Recently, some authors have identified four markers (epidermal growth factor receptor, interferon-γ, interleukin-6, and tumor necrosis factor-α) to distinguish between patients with NF-1 and healthy subjects, and 2 additional markers as potential early risk predictors of developing MPNST (insulin-like growth factor binding protein 1 (IGFBP1)) and regulated upon activation, normal T-cell expressed and secreted (RANTES). The authors have found significantly higher concentrations of these markers in patients with NF-1 and MPNST as compared to those without.[6] These data suggest a screening role of these biomarkers in patients with clinical variants of NF-1 (eg, plexiform neurofibromas) that are at high risk of malignant transformation.[6]

Therapy of plexiform neurofibromas is usually surgical, aiming at resecting deforming masses and cancerous tissue when malignant transformation occurs. However, these masses tend to recur in 20% of cases despite an appropriate approach.[7]
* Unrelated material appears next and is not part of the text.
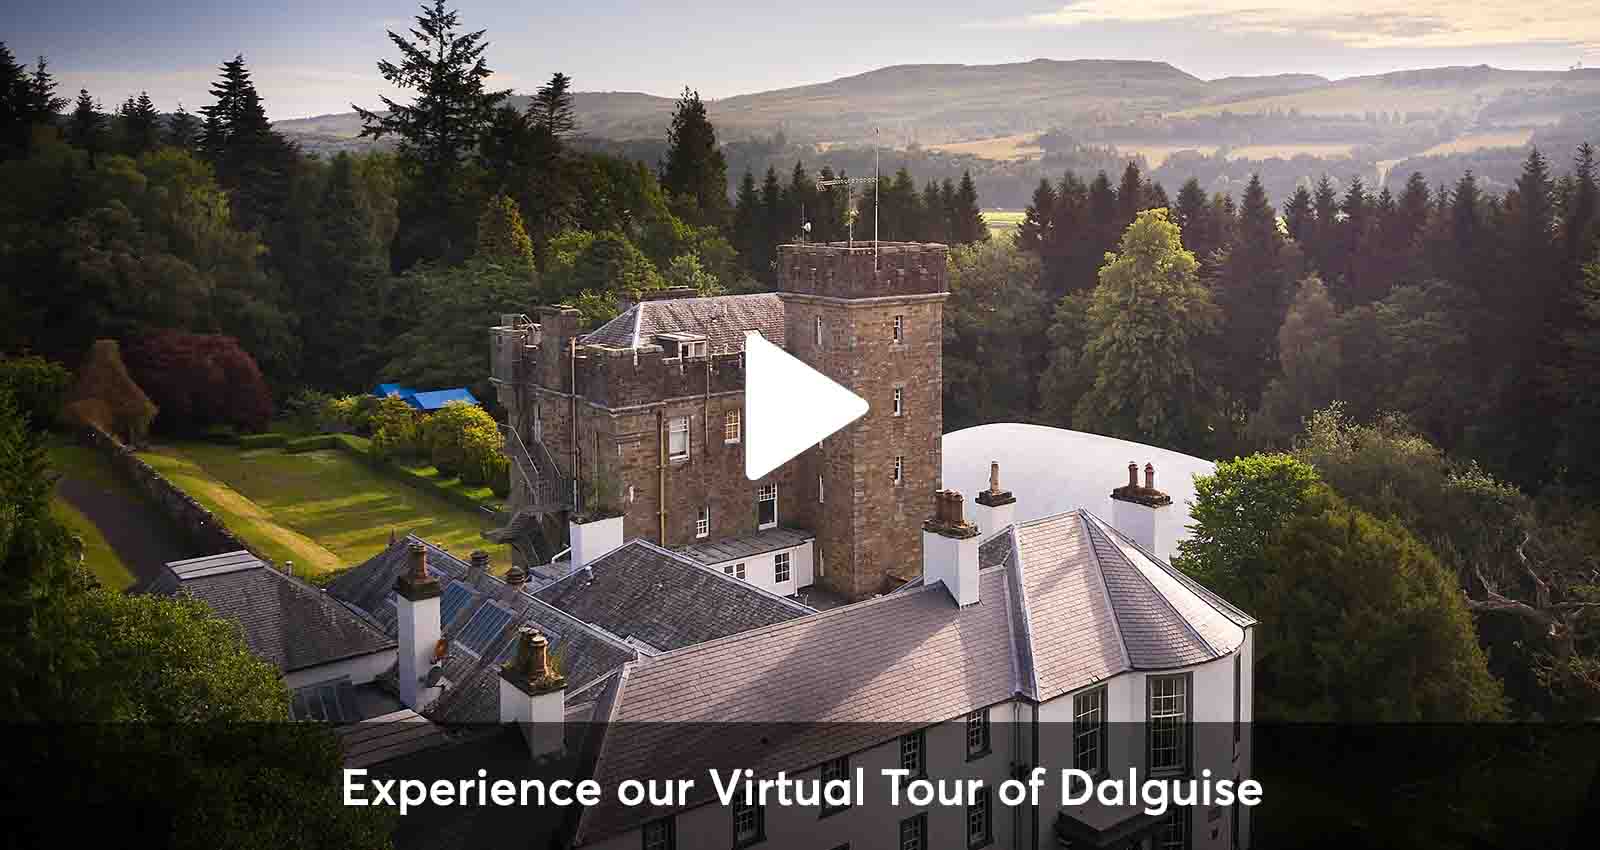 Primary School Trips to Dalguise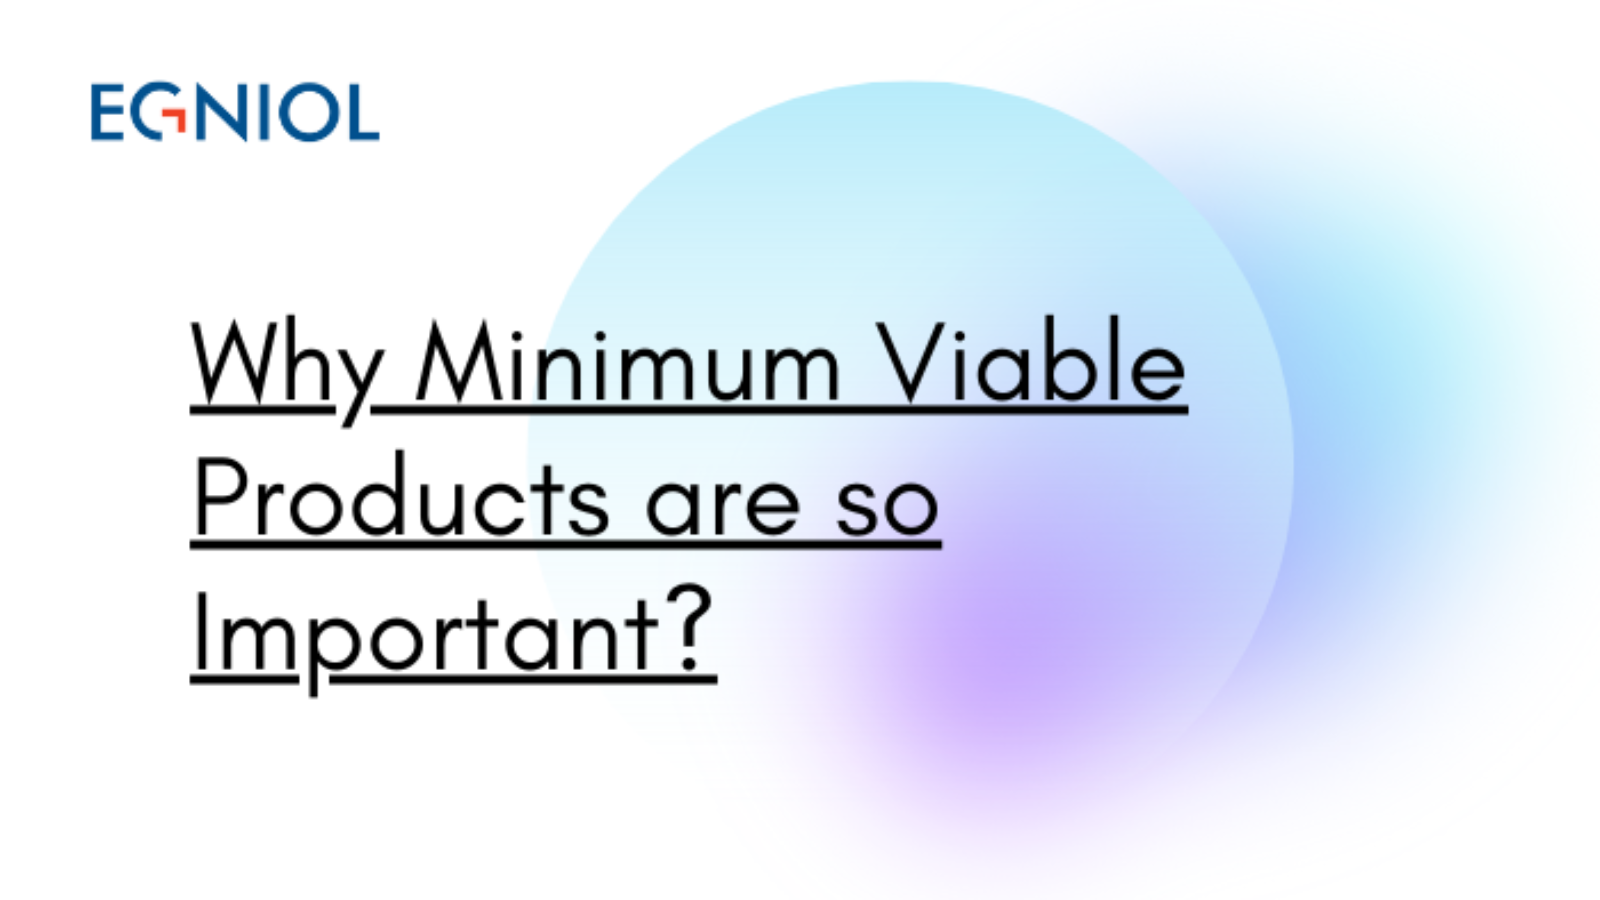 Why Minimum Viable Products are so Important? - By Egniol

In unresectable, progressive and symptomatic lesions, good results have been reported recently after the administration of interferon-α.[4,8] However, the prognosis is still unpredictable due to the high risk of progression of the disease and its variable expressivity.[6]

PATIENT OUTCOME

In this case, normal living was limited due to the severe facial disfigurement as the result of progression of the disease. The mass is still growing. Despite this, the patient expressed the preference to avoid surgery and chose to undergo clinical follow-up every 6 months. Systemic therapy with interferon-α has been discussed as a possible future option.